Re: [htdig] PDF & ISO-Latin chars


Antti Rauramo (antti.rauramo@edita.fi)
Thu, 12 Aug 1999 14:50:50 +0300


peter karlsson wrote:

> > Anyone out there indexing pdf-files with ISO-Latin characters in them
> > (ń÷ň─Í┼ mainly)? Seems that htdig doesn't understand the meaning of the
> > special characters, and shows them w/o conversion;
>
> I don't believe that htdig *care* what character set the external parsers
> feed it with, but assumes that it is the one as specified in the current
> locale. You would probably want to hack the program you're using to parse
> PDF files to correctly convert its output to the local character set.

That's true; these weird char's show up on excerpt and can be searched for.
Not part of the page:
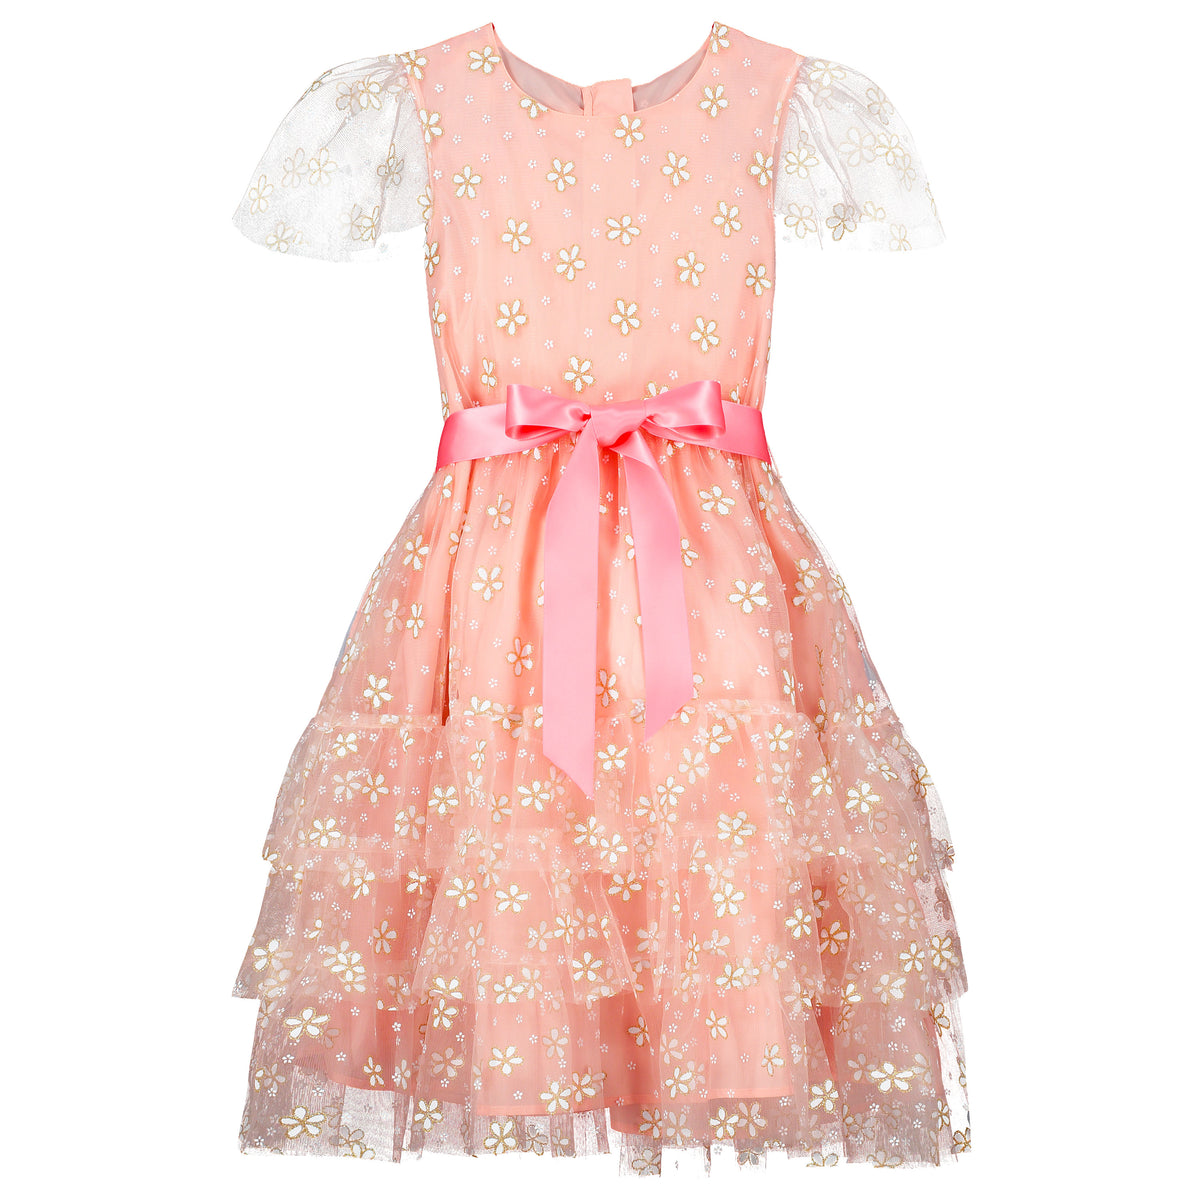 Girls Party Dress Cinderella Pink & Gold Blossom Tulle | Holly Hastie London

But I'm not using anything special to parse PDF's; just Adobe Acrobat and
then indexing with htdig. That's why I'm asking here. And the PS created by
Acrobat works is fine.

Further I don't think simply converting char's would help since the converter
would have to recognize between PC and Mac char sets, which overlap.

--
- Antti Rauramo, WWW- ja tietokanta-asiantuntija, Edita Verkkoviestintń
- antti.rauramo@edita.fi, +358-9-8501 4004 (mobile)

------------------------------------ To unsubscribe from the htdig mailing list, send a message to htdig@htdig.org containing the single word unsubscribe in the SUBJECT of the message.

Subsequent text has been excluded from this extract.